── SUPPLIED ENTRIES

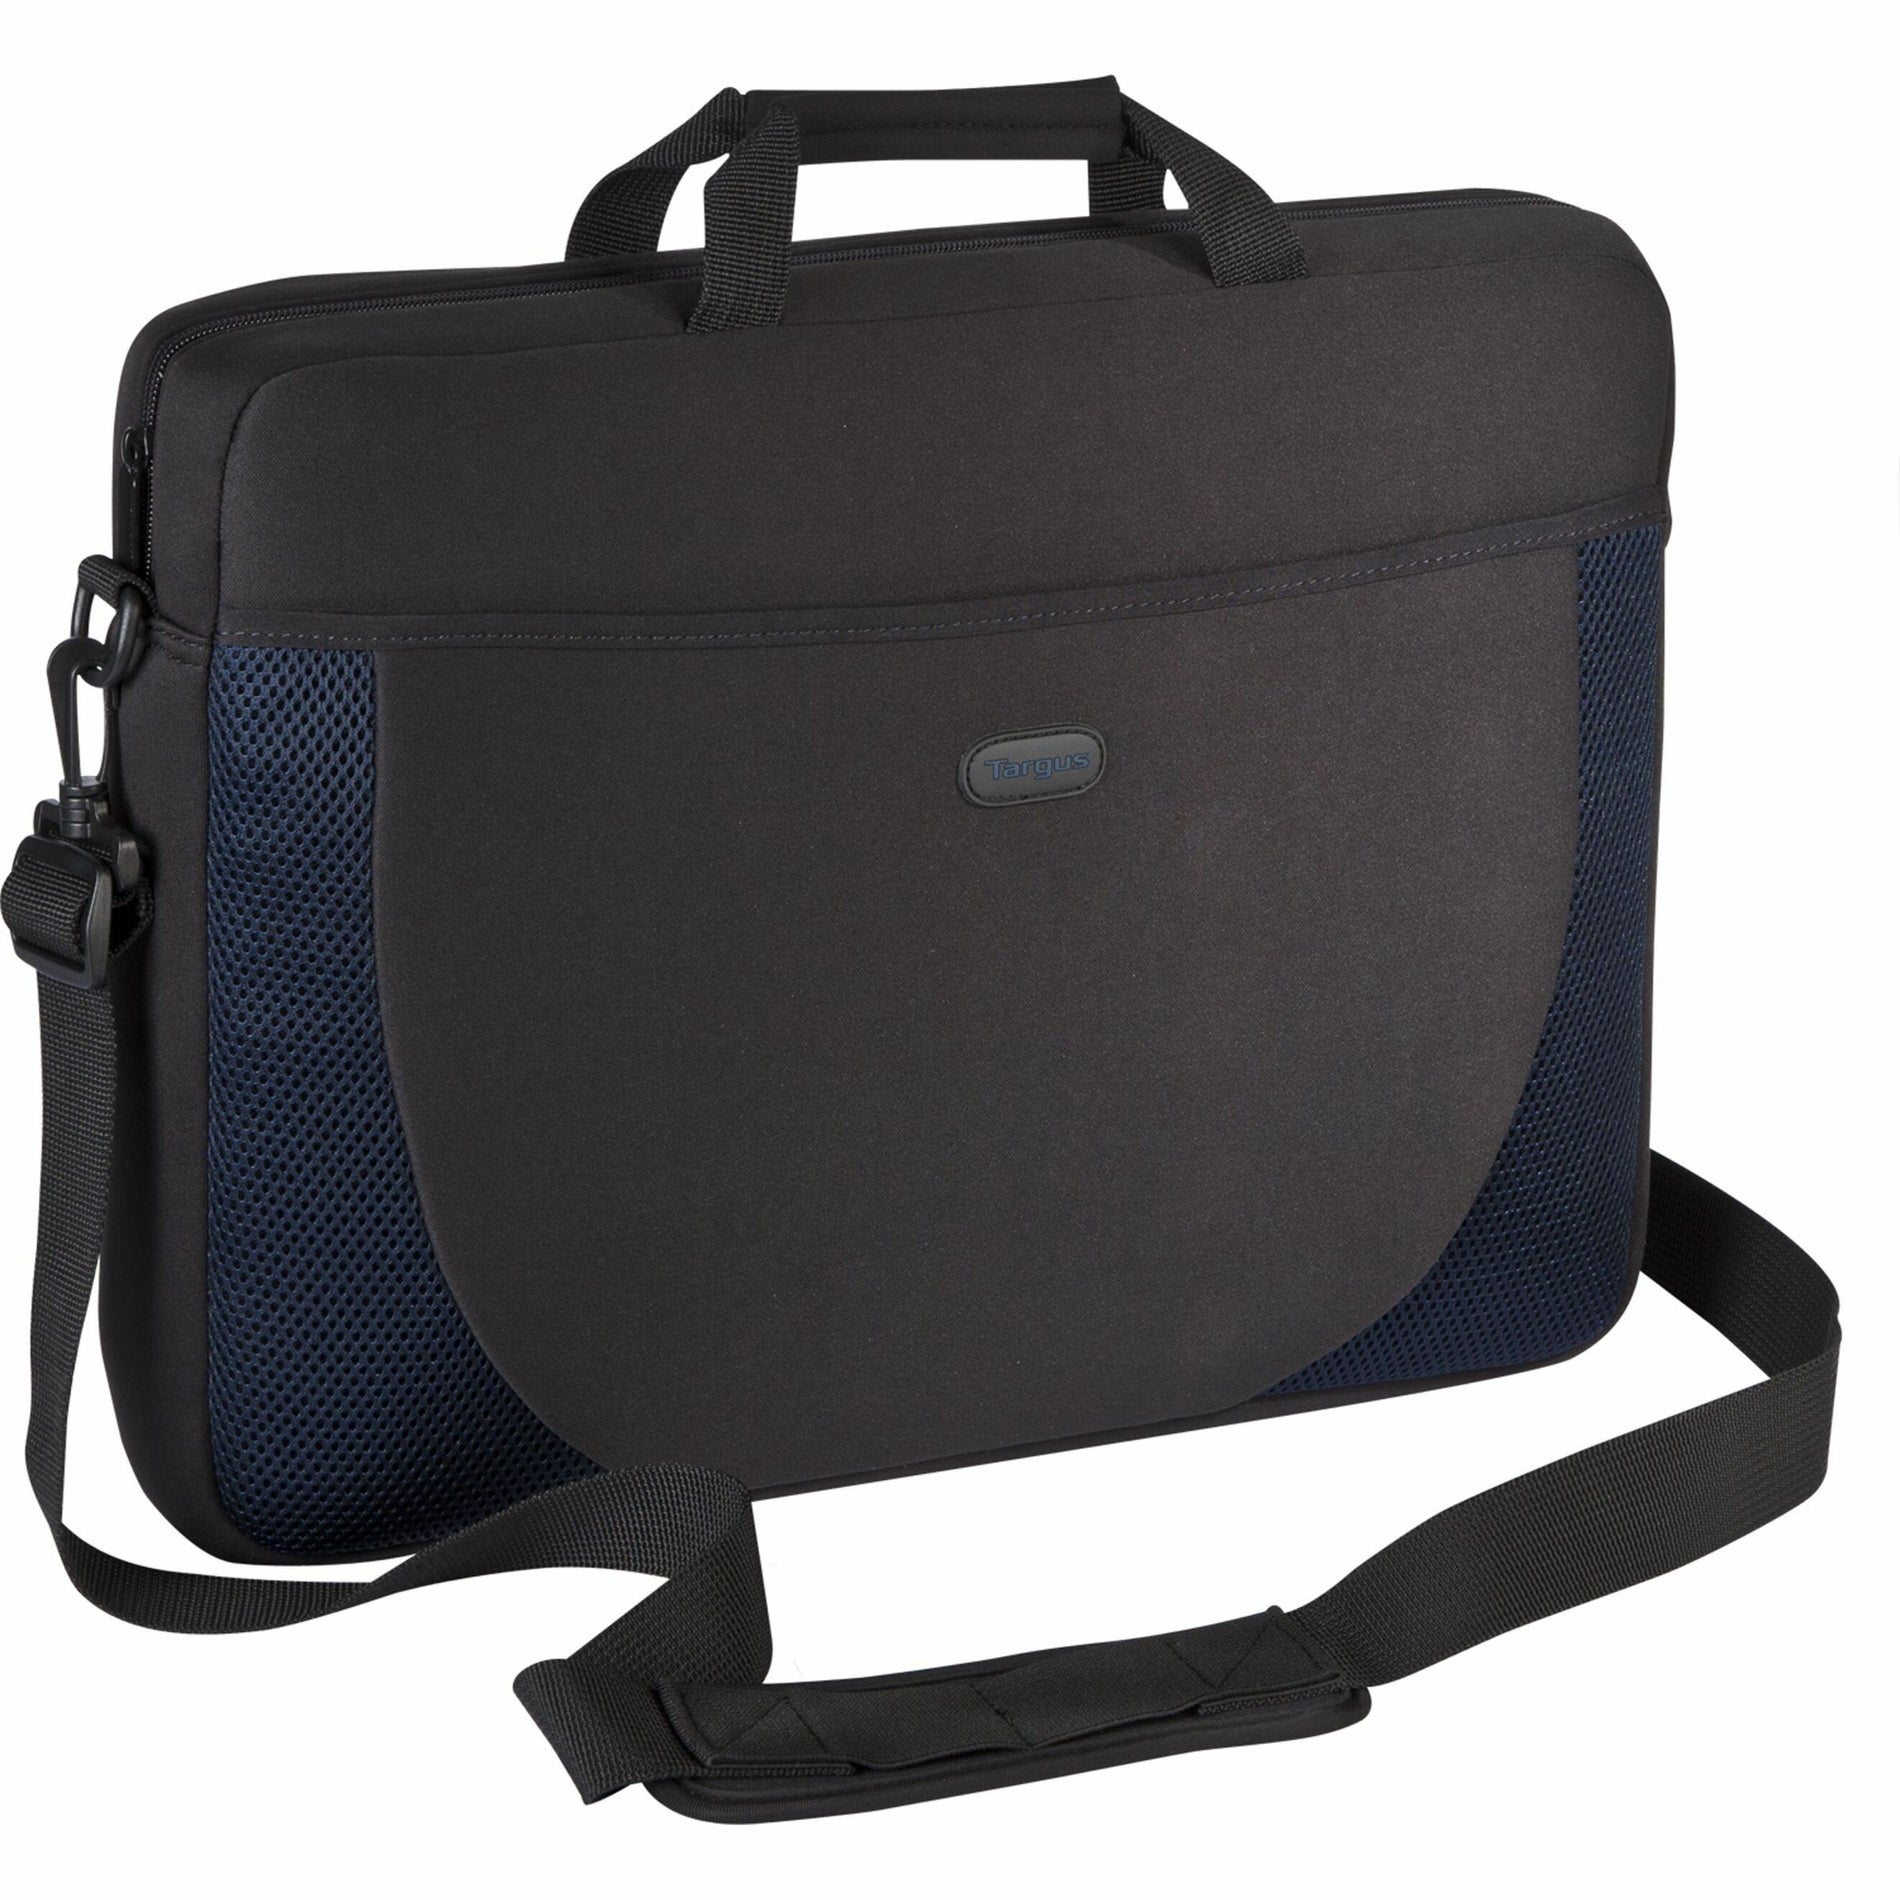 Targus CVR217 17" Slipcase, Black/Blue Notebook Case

────
── SUPPLIED ENTRIES

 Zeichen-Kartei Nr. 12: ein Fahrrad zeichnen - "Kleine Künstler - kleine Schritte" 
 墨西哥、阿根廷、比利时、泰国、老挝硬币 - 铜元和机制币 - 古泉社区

────

WHAT IS NEEDED -
Could you repeat exactly the lines in the listing above from the one with "Zeichen-Kartei Nr. 12: ein" down to the one with "墨西哥、阿根廷、比利时、泰国、老挝硬币 - 铜元和机制币 - 古泉社区"? Include both of those lines.

WRITTEN RESPONSE -
 Zeichen-Kartei Nr. 12: ein Fahrrad zeichnen - "Kleine Künstler - kleine Schritte" 
 墨西哥、阿根廷、比利时、泰国、老挝硬币 - 铜元和机制币 - 古泉社区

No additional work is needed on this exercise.